9. If your child has a fever and you have not given him Tylenol or Motrin, you are too stupid to have children. Please get yourself sterilized immediately and give your kids to a childless couple looking to adopt. One dose of Tylenol an hour ago does not count.

10. If your child does have a fever and you have either put him in an ice bath or rubbed him with alcohol, see my recommendations in #9.

11. If your mother is a patient and we ask her a question, please let her answer it.

12. Do not utter the words, “It’s all in my chart.” I don’t have your chart. Probably won’t get your chart within the next hour. Just answer the question. On a similar note, don’t utter the words, “Dr. So and So knows all about it.” I got news for ya. Doctor So and So ain’t here. Shoulda gone to his office instead of the ER.
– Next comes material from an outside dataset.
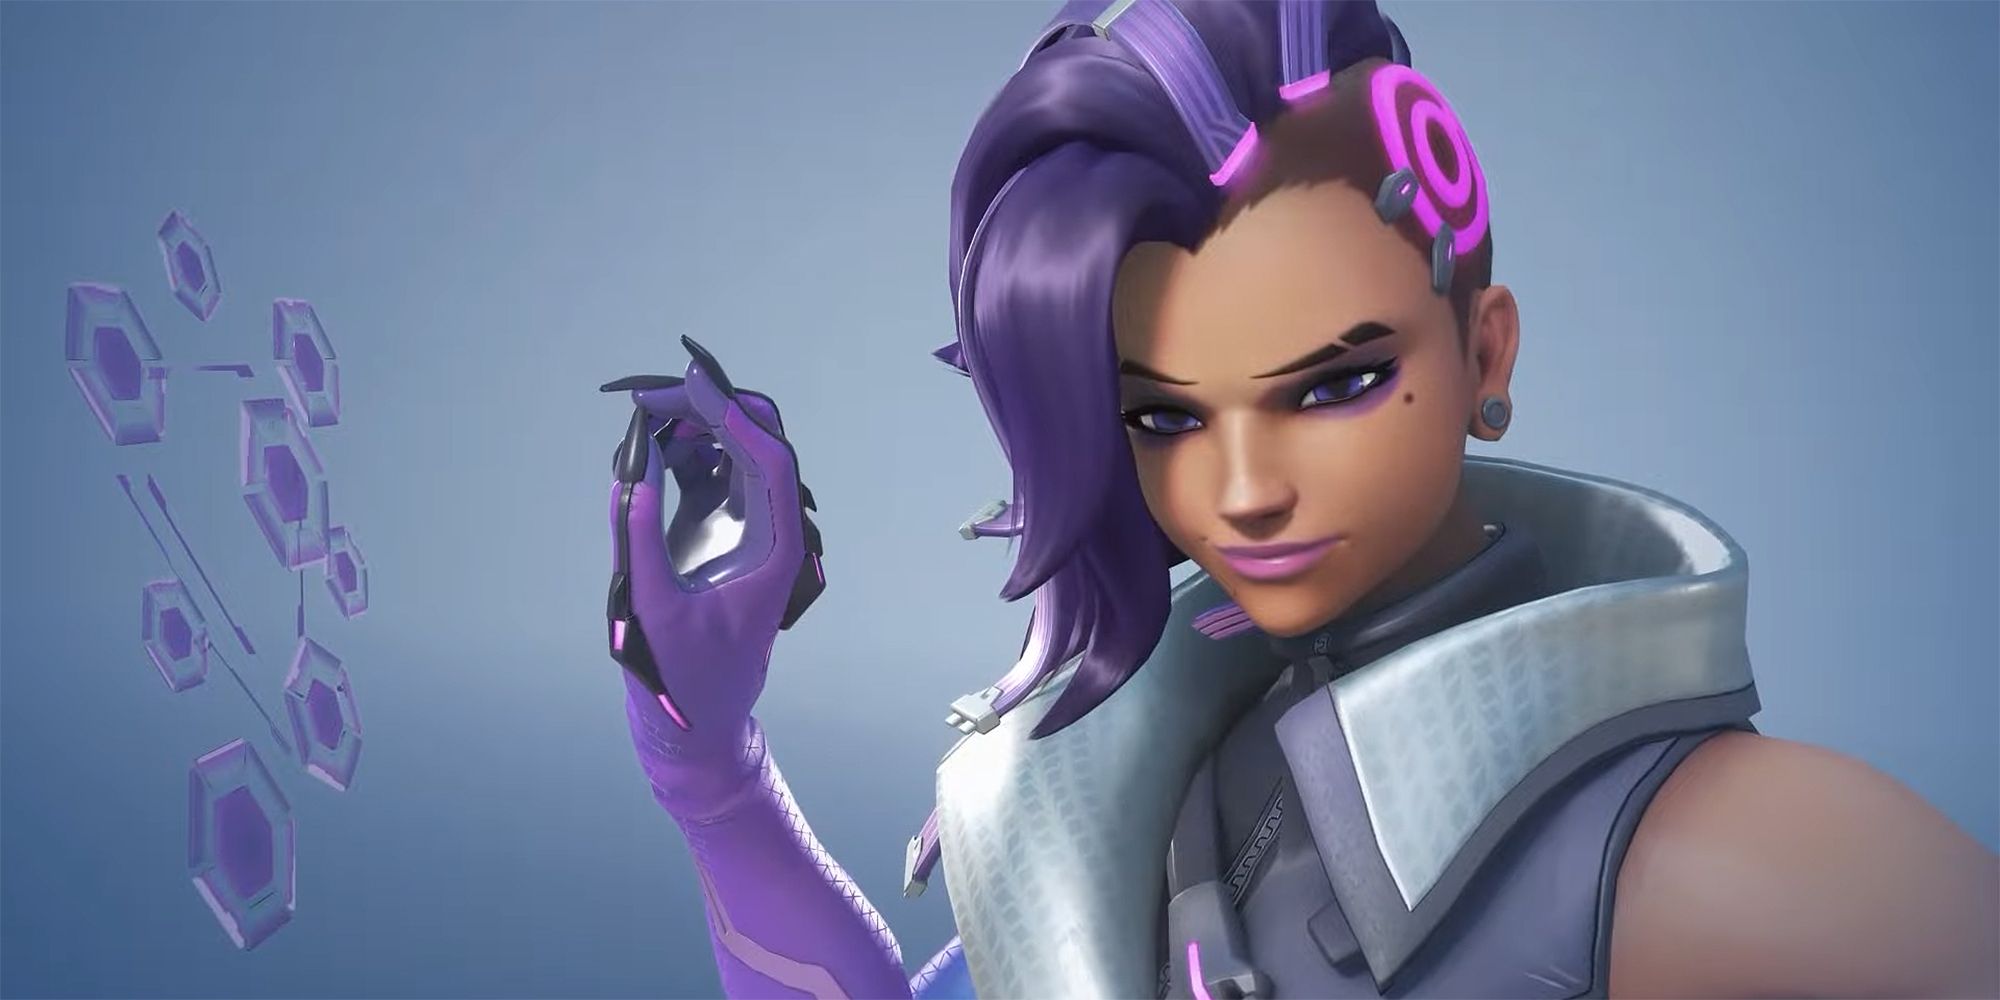 sombra hacking in her highlight intro

13. If you have more than five drug allergies, you are automatically a psychiatric diagnosis.

14. We can spot a drug seeker from a patient who is really in pain within 5 minutes of meeting you. How we tell the difference, I will not share with you. We are not in the business of educating drug seekers in how to be better actors. If we have refused to manage your complaint with the narcotics you seek, guess what? You’ve been spotted, Seeker. Now go bug some other ER.
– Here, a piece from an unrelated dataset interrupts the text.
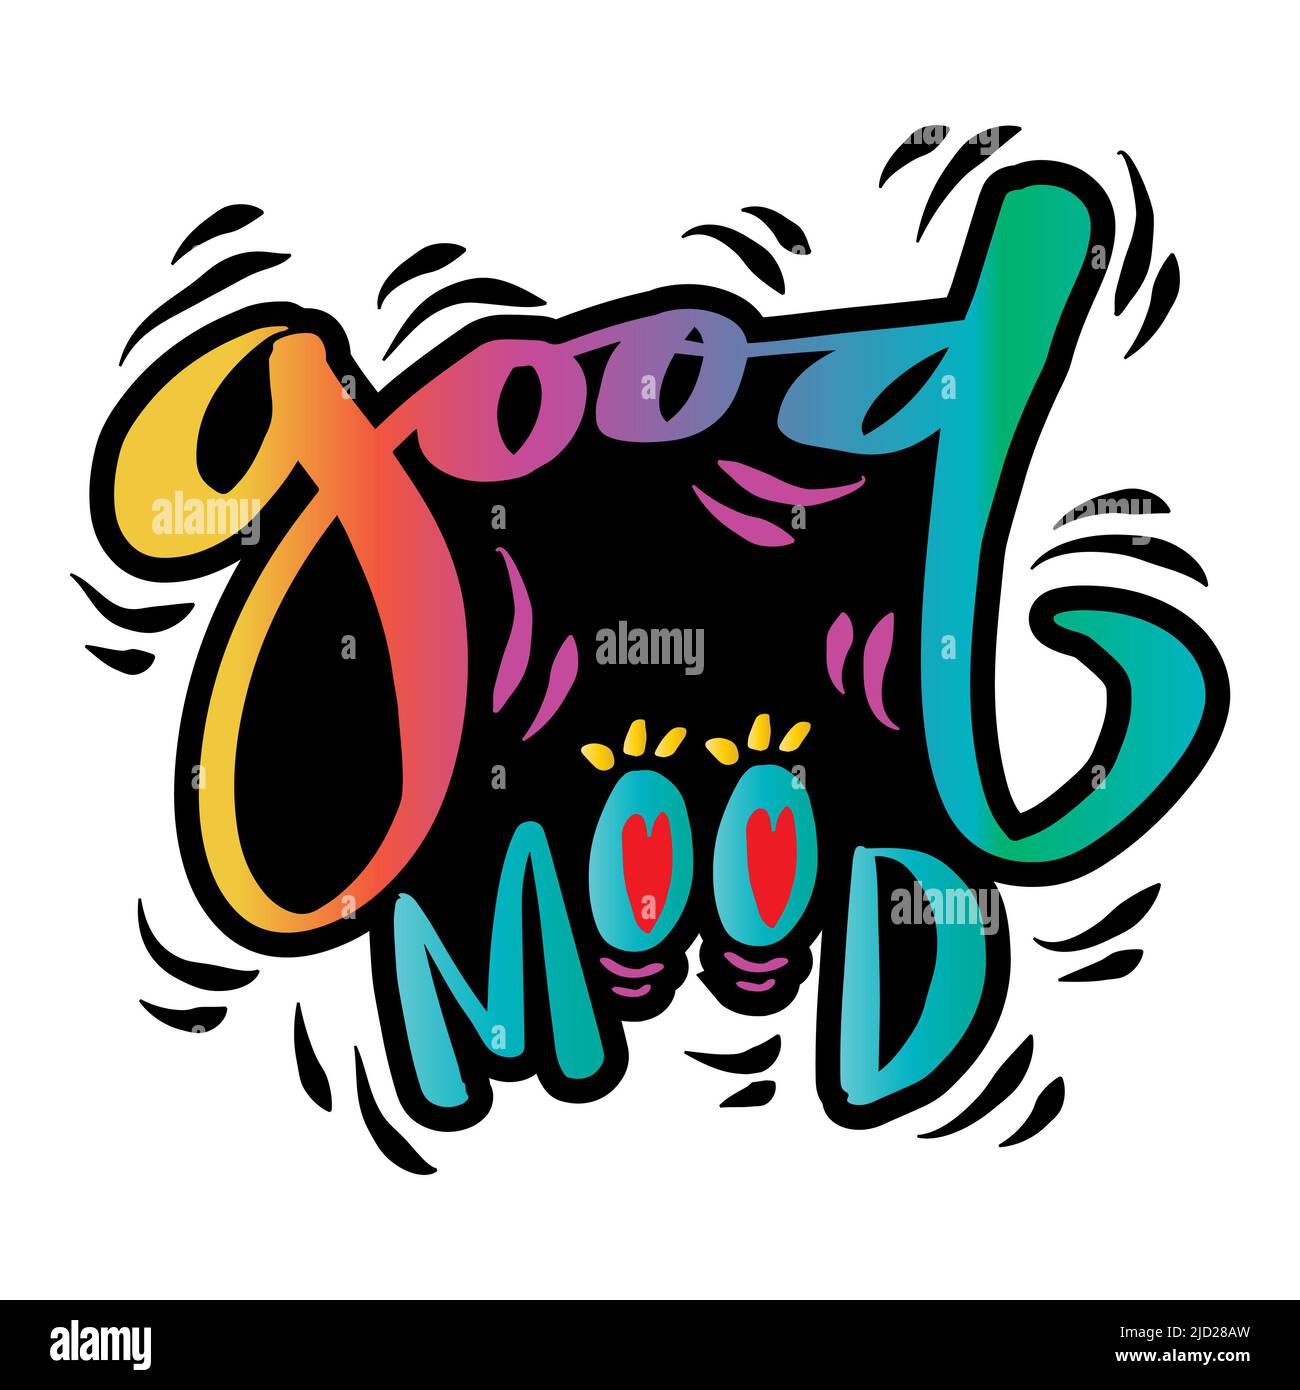 Good mood hand lettering poster Stock Photo

15. If you meet the ambulance at the curb with your bags packed, you are not Sick enough to need an ambulance. We call it Samsonitis, and every EMT who deals with you holds a special dark place in his heart for you.

16. Do not lie to me. Ever. Once I catch you in a lie, I will assume you are lying about everything else. If there is something you don’t want to admit to in front of your boyfriend/parents/priest/parole officer – tell me so or just give me The Eye. What you tell me when they are gone, I will not share with them. It’s my duty, and it’s the law.
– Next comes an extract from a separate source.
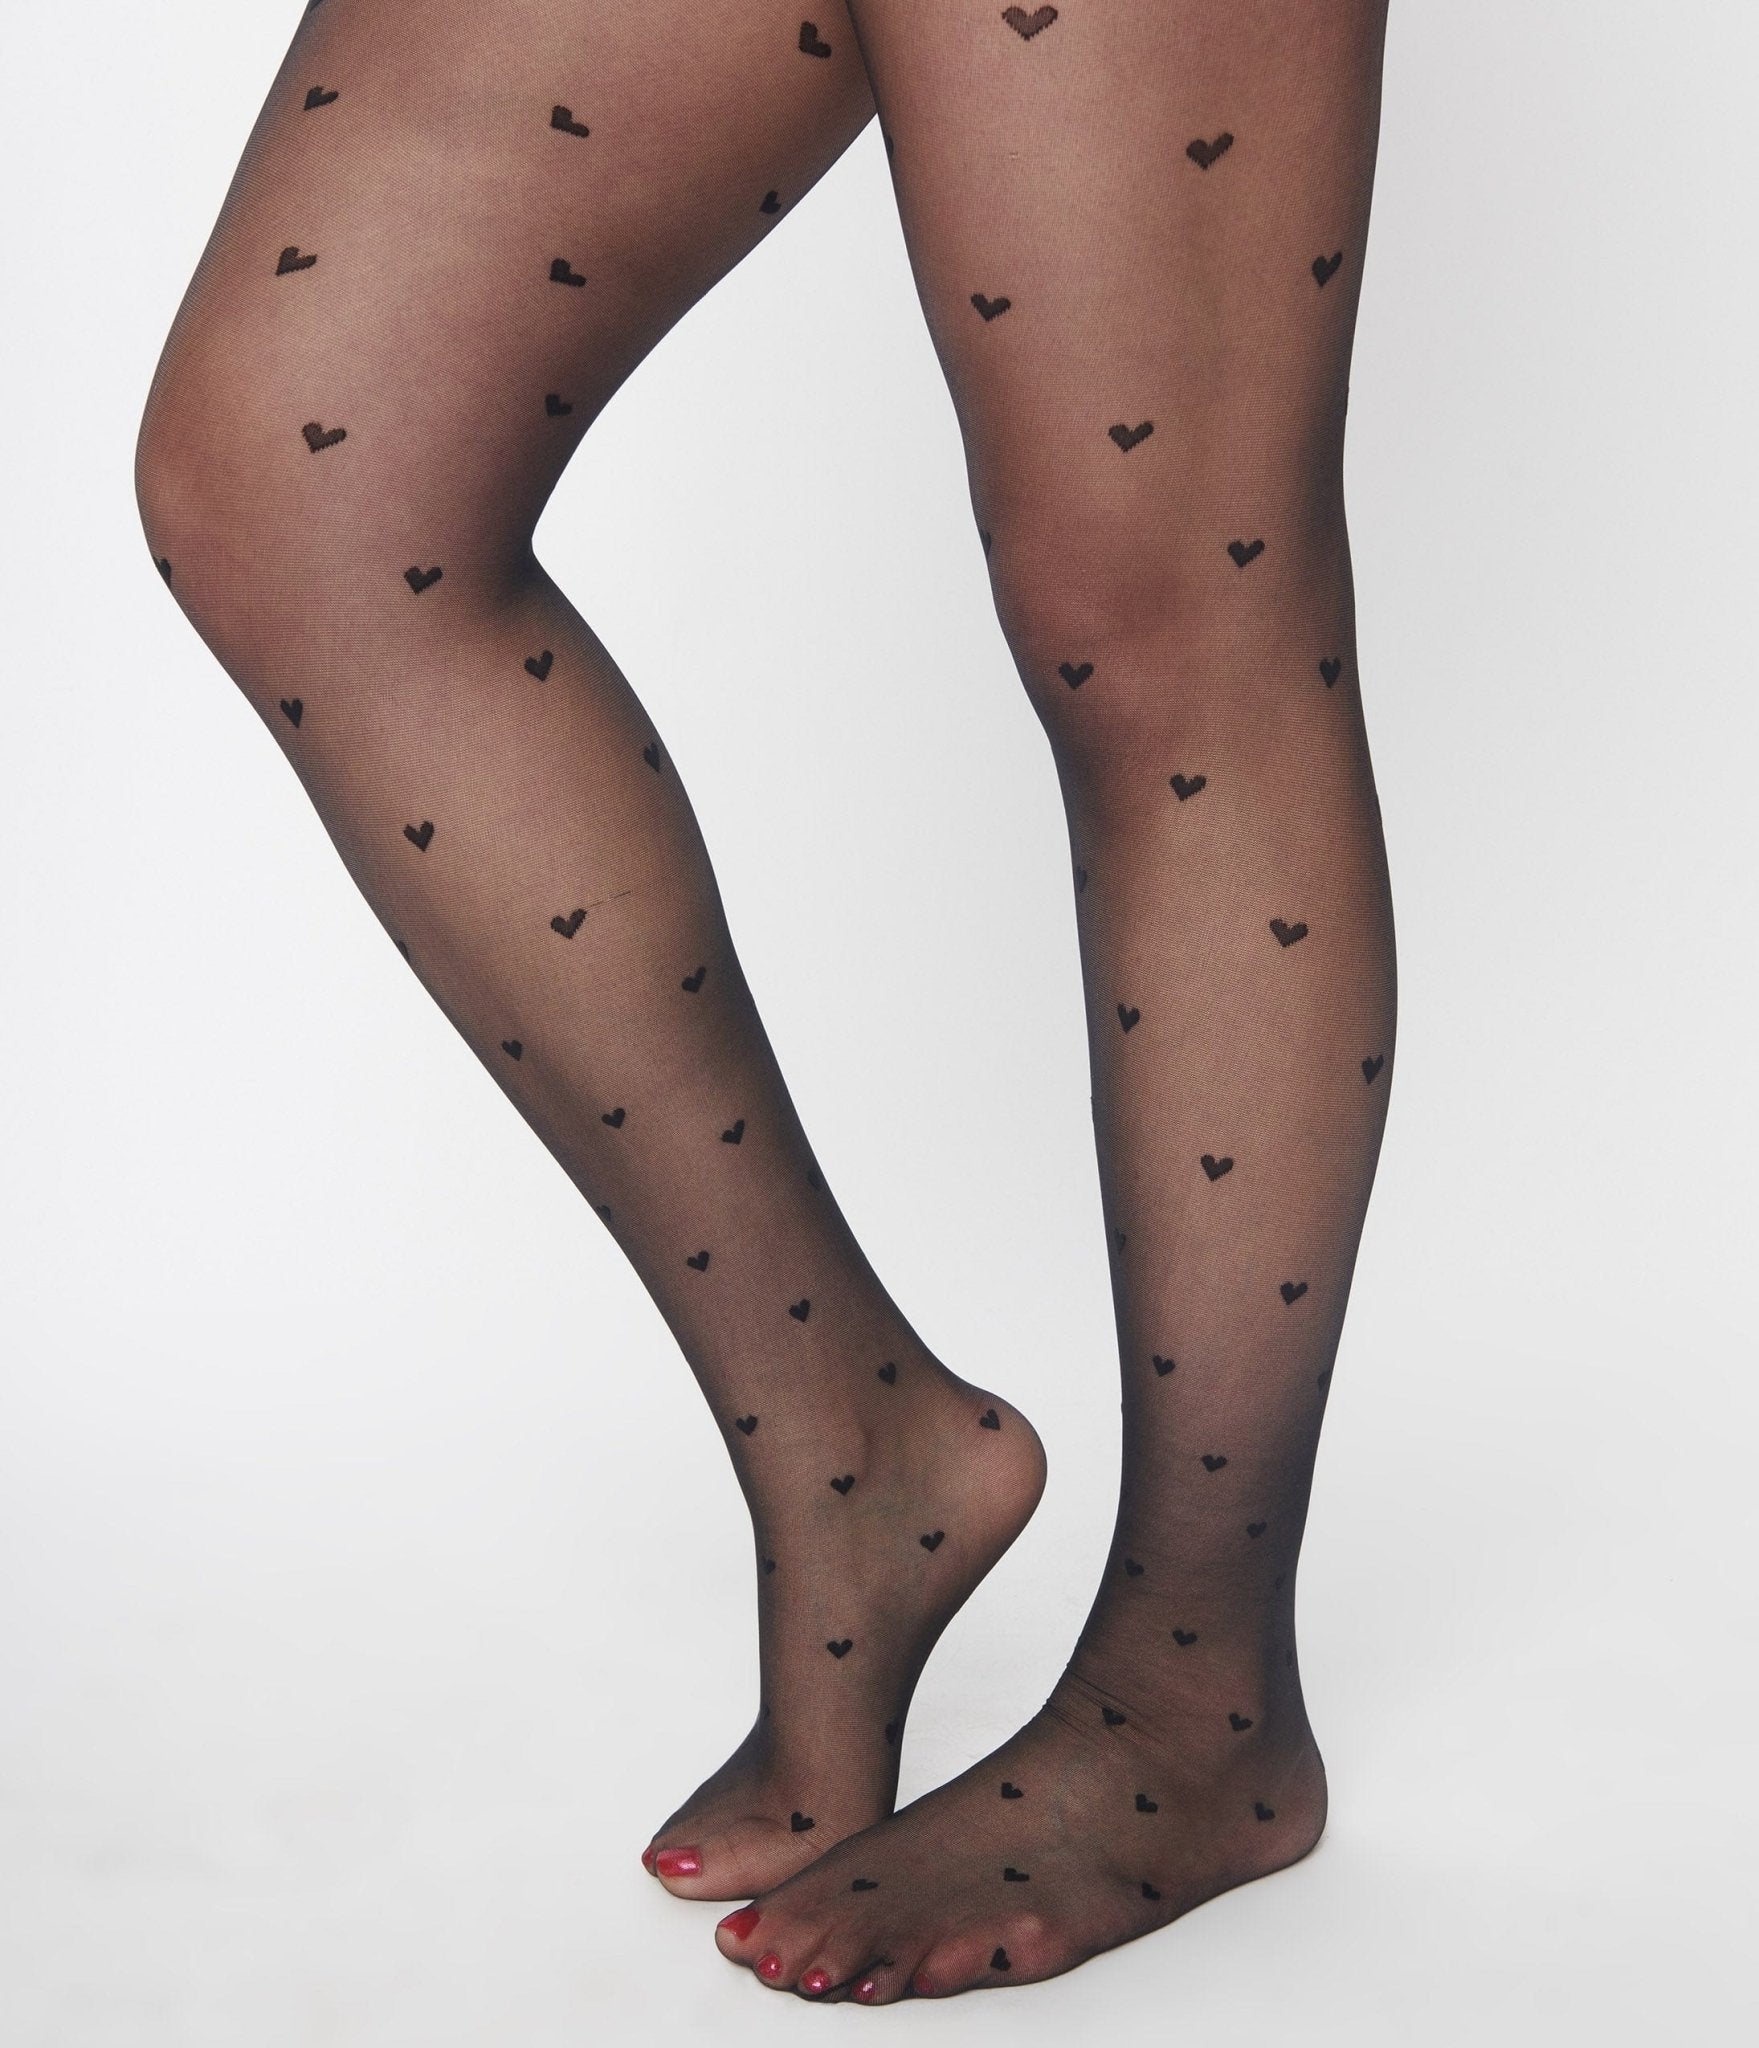 If you love our legwear, you can't miss - Calzedonia Malta

17. If you have diabetes and do not control it, you are committing slow suicide. Don’t get me wrong – I can sympathize with even attempted suicides. My sympathy lessens dramatically after I’ve seen you eight times in a the past two weeks.

18. If you are a female between 16 and 42 and your last menstrual period was between 28-35 days ago, and you have vaginal bleeding and abdominal cramps, guess what? You got your period. Again.

19. Do not bring your entire posse with you. One person at the bedside is all you need. If your child is dying, I will allow you to be at his side IF YOU ARE NOT INTERFERING WITH THE RESUSCITATION. If you insist on behaving like a fool, you will be escorted out.

20. At the first sign of Tachylawdia (more than 100 “Oh Lawdy” prayers a minute), we will escort you outside, regardless of how sick your family member is.

21. Every time I ask you a question, I learn more about what is wrong with you. I don’t care if I have asked the same question, phrased slightly differently, four previous times. I am asking for a reason. Please answer the question.

22. Politeness and manners beget politeness and manners. If you insist on behaving like a prick, I will still be polite and mind my manners because my Momma raised me right. But I will not be Gentle. Believe me, you want me to be Gentle.

23. “Clear” means “CLEAR.” If I have been compassionate enough to allow you to stay in the room when your family member is being resuscitated, please pause the Laying On of Hands long enough for me to defibrillate the patient. If you refuse, you may well arrive at the Pearly Gates together.

24. If you came in to the ER beaten/shot/stabbed…within 5 minutes it will be obvious to us why you were beaten/shot/stabbed. Yes, we know you were just sitting there on your front porch minding your own business while drinking a wholesome glass of milk and reading your daily Bible verse, when all of a sudden and for NO reason, Sumdood just beat/shot/stabbed you. We’re sure you are the .01% of assault victims who didn’t richly deserve your ass whipping. We believe you. Really.

25. If the thermometer tastes funny, I probably got the rectal and oral probes mixed up again.